Exposing the digital workspace
Digital transformation has increased the surface areas available to malicious elements for attacking us. While in an earlier era, the periphery of an organisation’s network was the boundary where attacks could be stopped, this has changed now to an individual endpoint such as the computer of the employee. This means while earlier organisation’s were required to protect the perimeter, now they need to focus on securing each individual employee.
Wide spread adoption of cloud technologies is another way in which the surface area has increased significantly. Organisations need to focus on protecting the cloud infrastructure and the communication channels in addition to the office network and employees. Availability of multiple modes of communication to employees has increased the various ways in which they can be attacked, whether it is email, mobile, chat or online storage solutions.
Securing e-commerce
An e-commerce platform of any company is a public-facing entity, which is not only a place for conducting business, but also a way to build and maintain a brand image. Consumers are increasingly adopting digital methods and shifting their purchasing habits from offline to online. This makes it a requirement for retail organisations to have an online presence, but this also makes them vulnerable to being attacked digitally. And since the impact of a successful online attack is instantaneous and widespread, the security focus on an ecommerce platform provider such as Capillary cannot be underestimated.

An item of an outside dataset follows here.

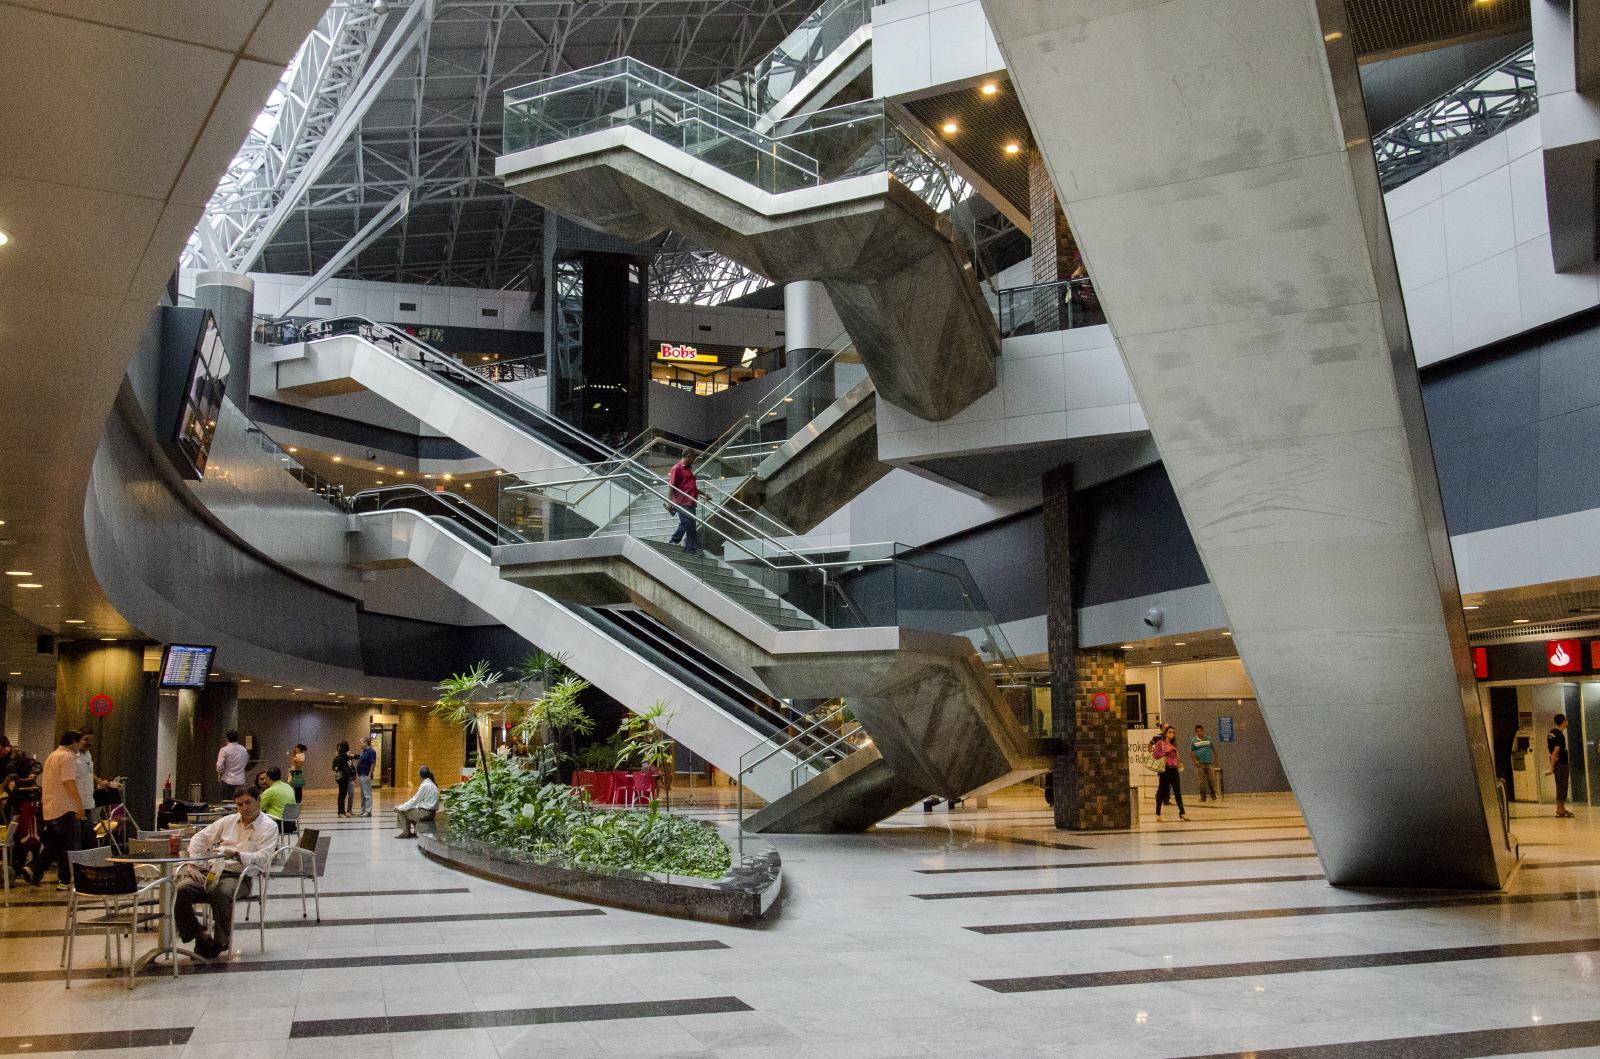 Aeroporto Do : A boa estrutura dos aeroportos no egito g damas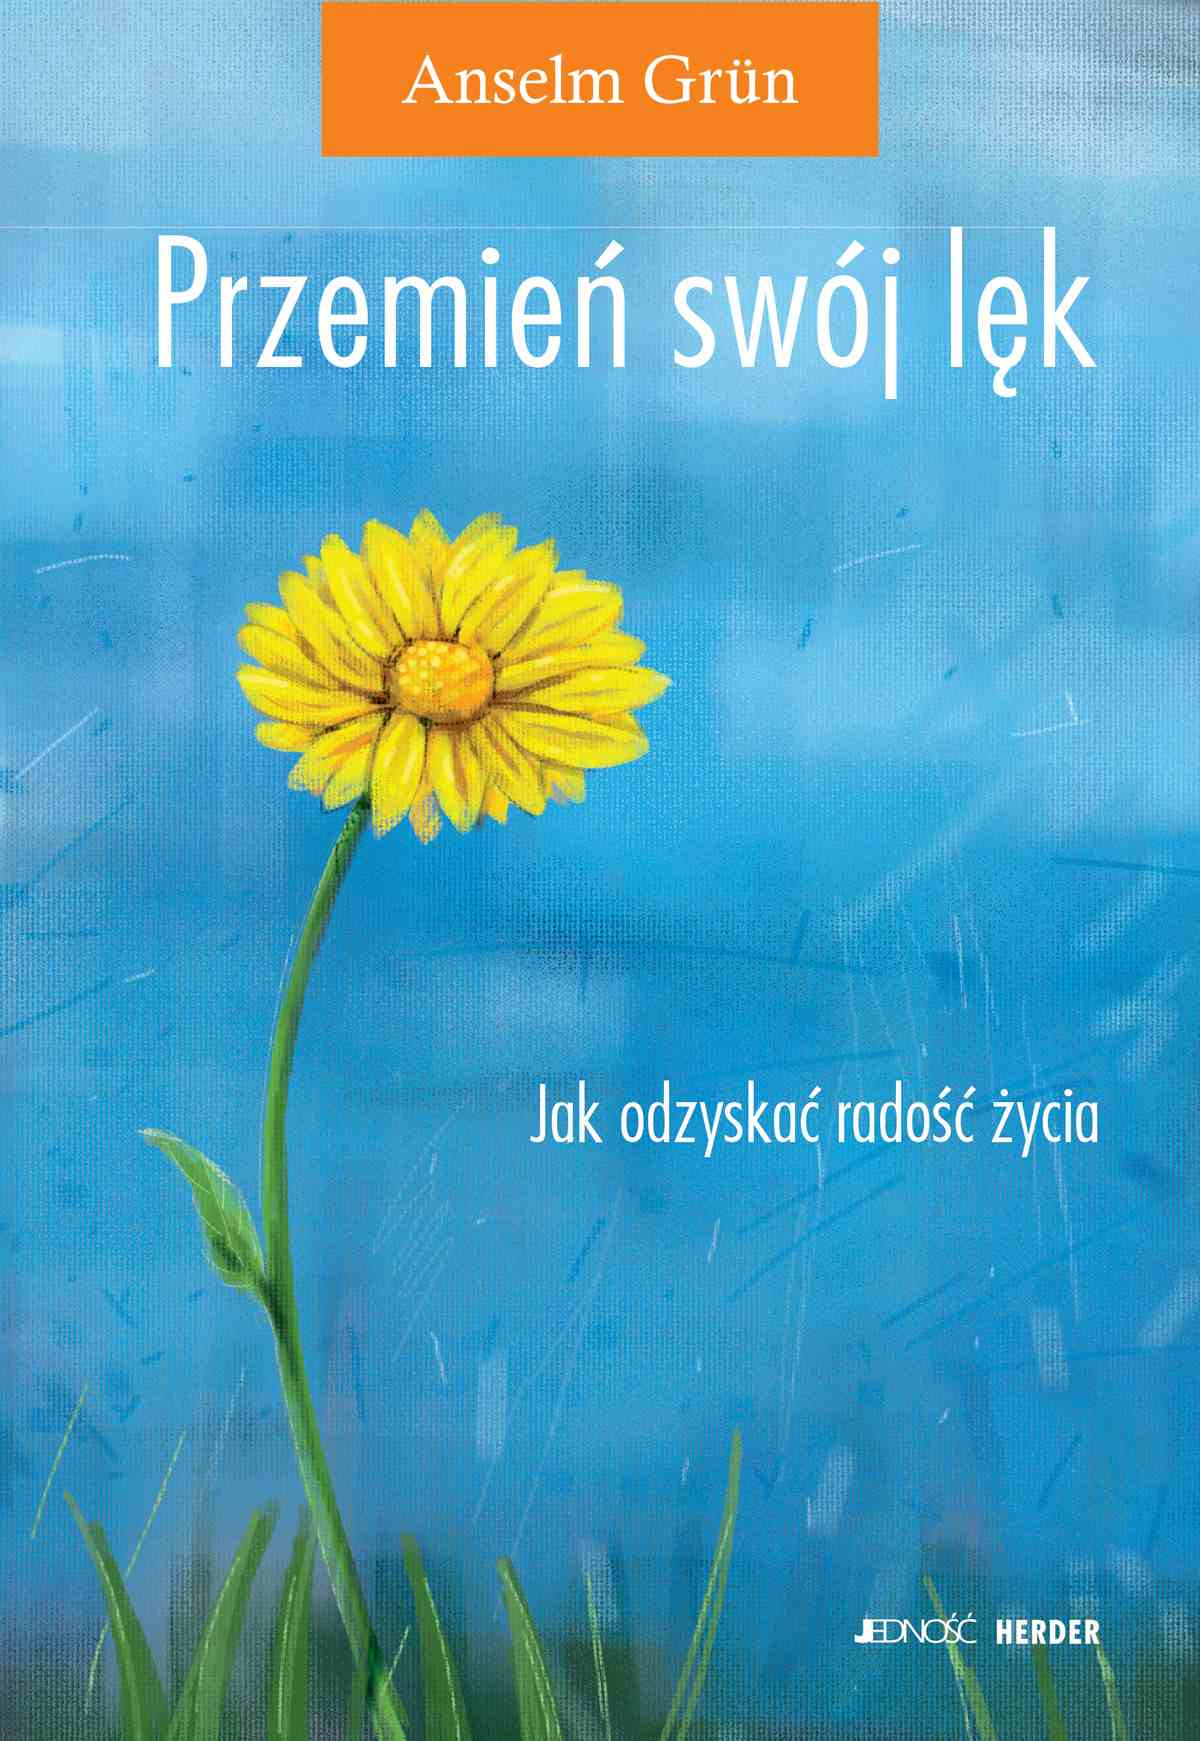 Przemień swój lęk. Jak odzyskać radość życia? - Ebook (Książka EPUB) do pobrania w formacie EPUB

Ecommerce websites experience a higher probability of being attacked and the impact of a successful attack is much higher, both financially and on the brand image of the owner. A higher probability and impact of attack increases the risk assessment score for an ecommerce platform.
Capillary prioritises security treatment of higher risk assessment scores to ensure that more in-depth risk mitigation treatment is undertaken to bring down residual risks within acceptable levels. A client who cannot be assured that their website is secure, cannot focus on their core functions of business. Capillary understands this need and focuses more intensely on ensuring security for its ecommerce platform. This is best indicated by the fact that Capillary is PCI DSS certified, which is a very stringent organisational security standard specifically focused on the security of ecommerce environment.
Key takeaways
- A client who cannot be assured that their website is secure, cannot focus on their core functions of business.
- Ecommerce websites experience a higher probability of being attacked and the impact of a successful attack is much higher
- Higher probability and impact of attack increases the risk assessment score for an ecommerce platform.
- Finding a balance between adequate security while permitting ease of operations is another constant challenge.
- Higher levels of security tend to make it difficult to perform business operations conveniently.
- Digital transformation reduces the time it takes to evaluate and assess risks.
- Digital transformation reduces time-lag between risk identification and steps taken to mitigate those risks.
At Capillary Technologies, Shailendra Singh must protect the organisation and its employees, but more importantly must extend due diligence exercised on-site into the customer’s workspace.